_What is expected_
A full, word-for-word copy of the listing below is needed; leave the images out of it.

Segment Start: Recorded information

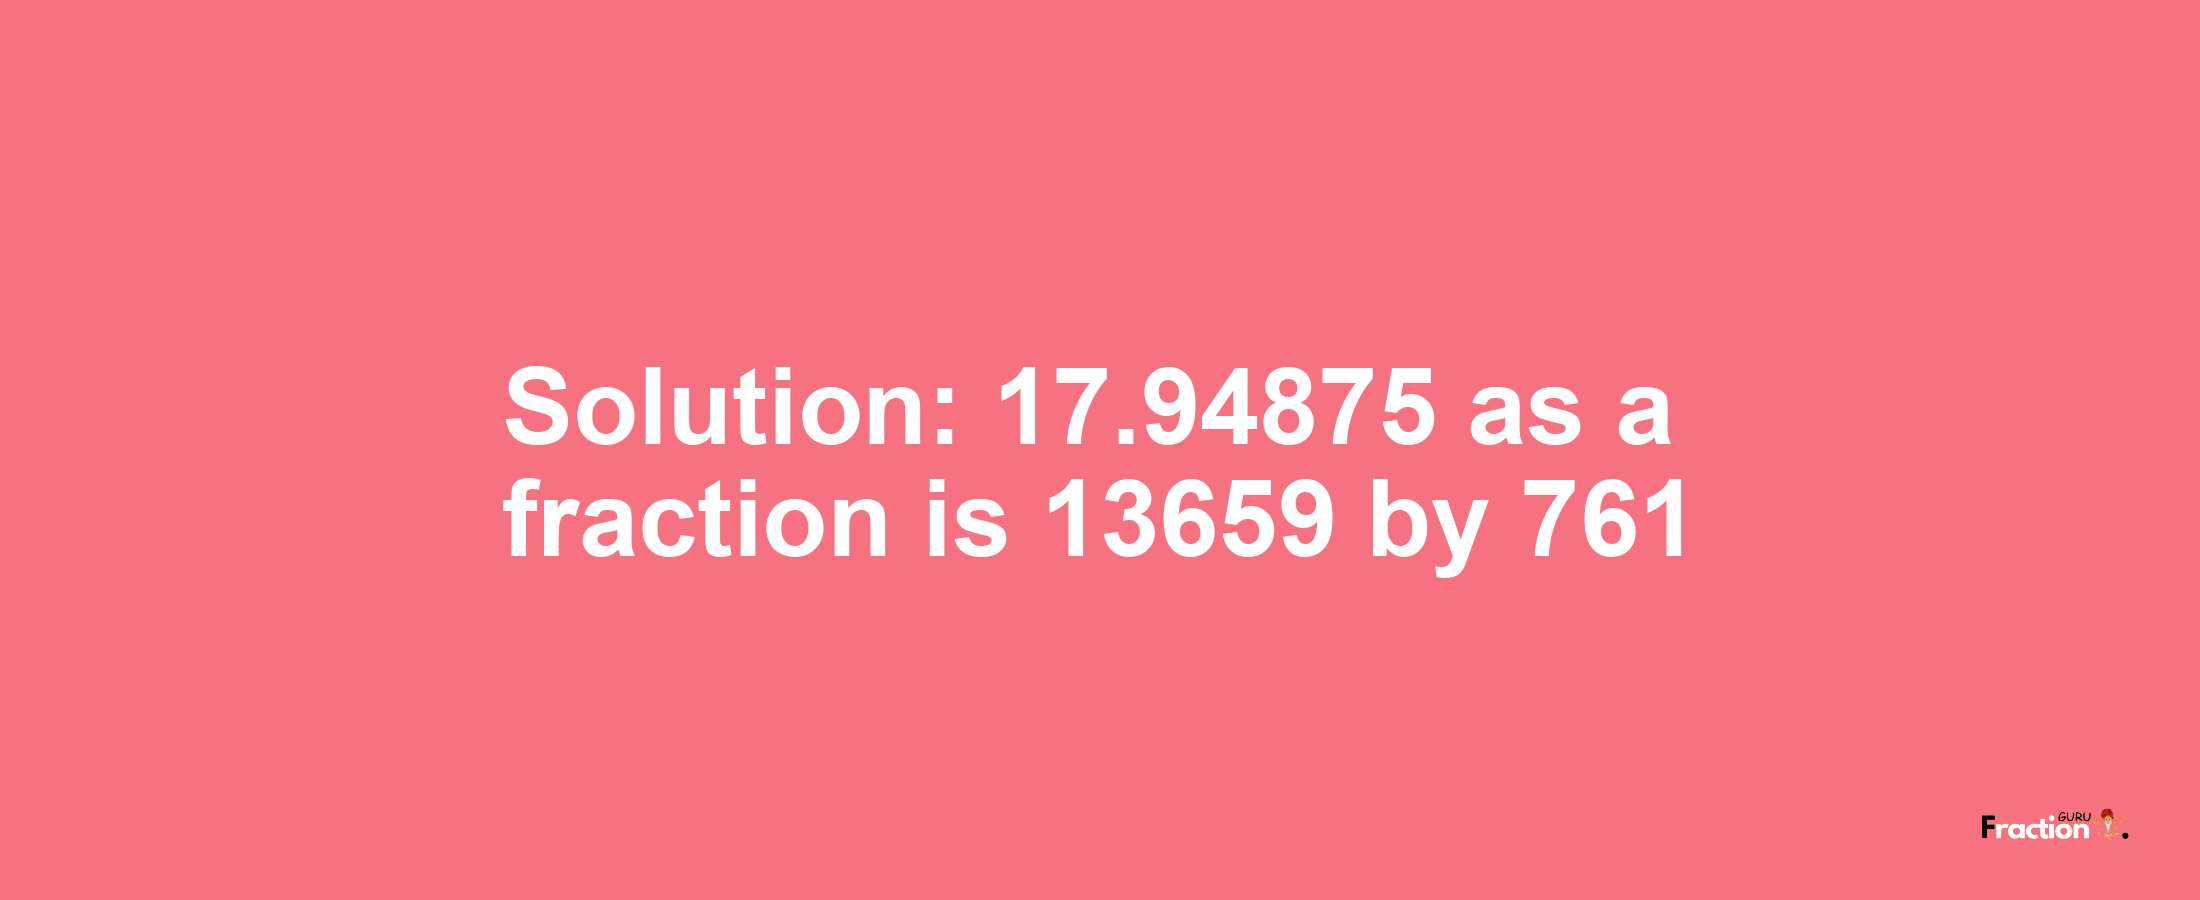 Solution:17.94875 as a fraction is 13659/761
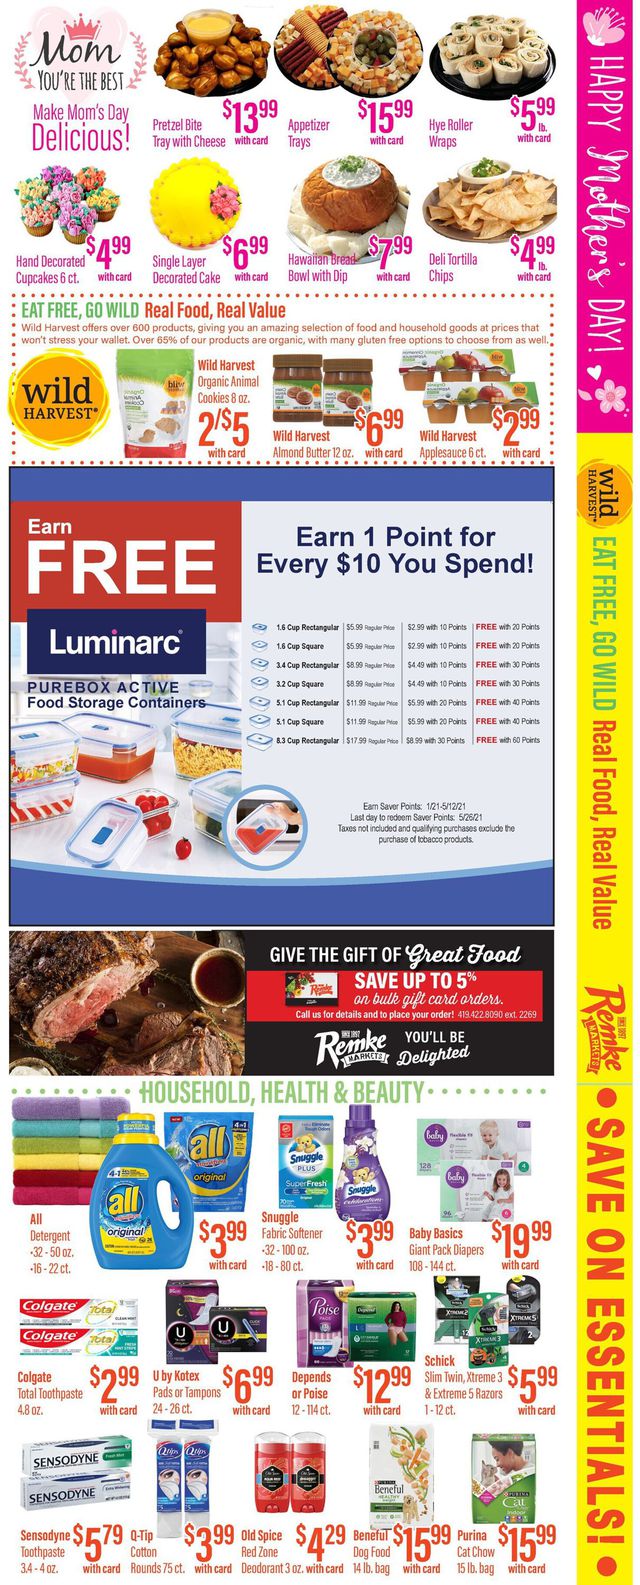 Remke Markets Ad from 05/06/2021
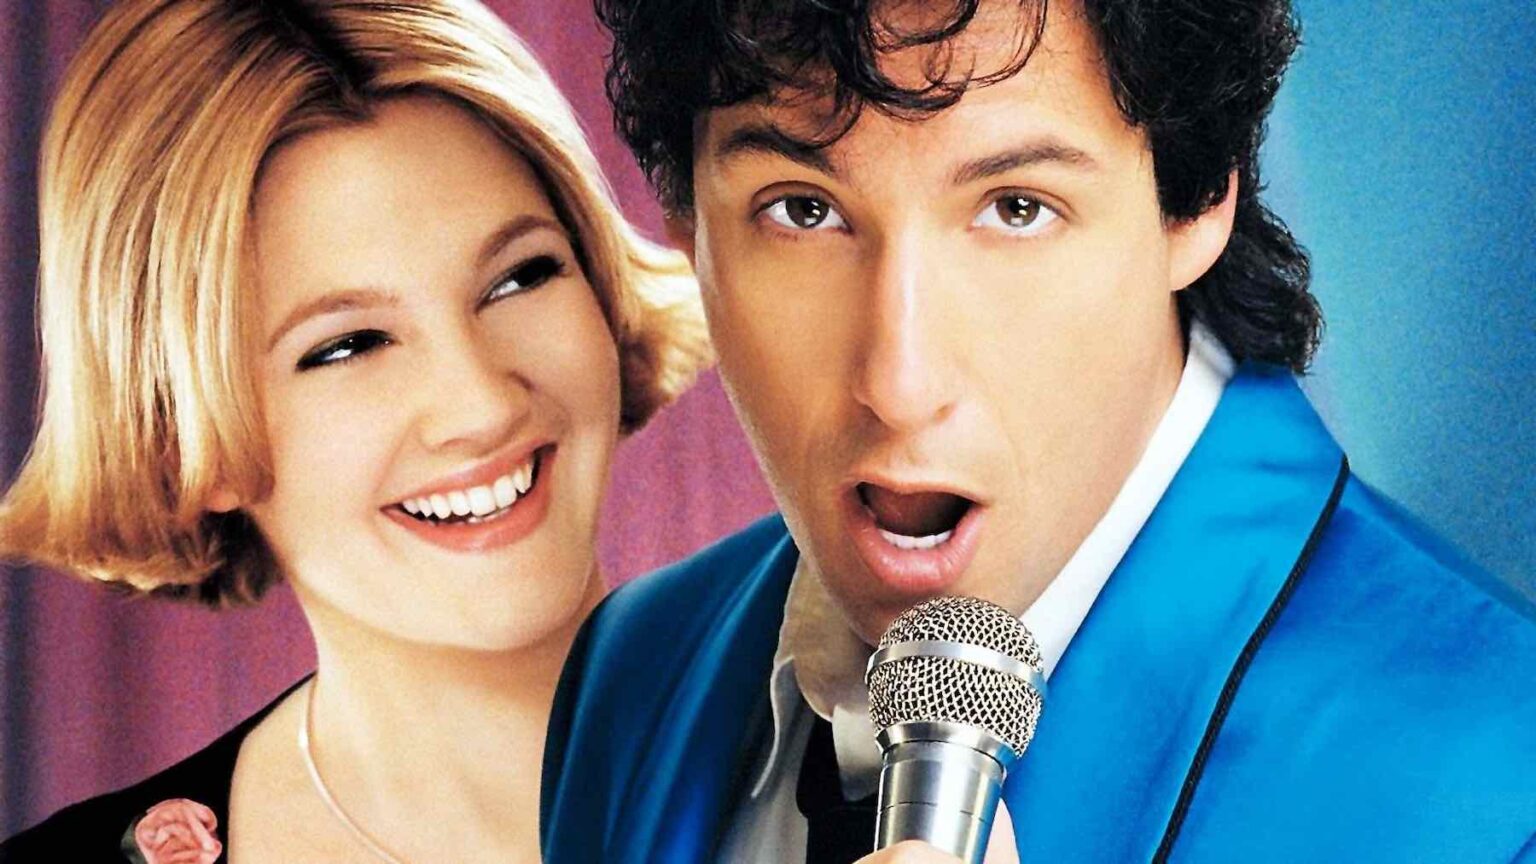 'The Wedding Singer' is the only instance where the fans’ devotion is truly deserved. Does Adam Sandler have other quality movies?

Segment End: Recorded information

_Answer to this exercise_
 Solution:17.94875 as a fraction is 13659/761
 Remke Markets Ad from 05/06/2021
 'The Wedding Singer' is the only instance where the fans’ devotion is truly deserved. Does Adam Sandler have other quality movies?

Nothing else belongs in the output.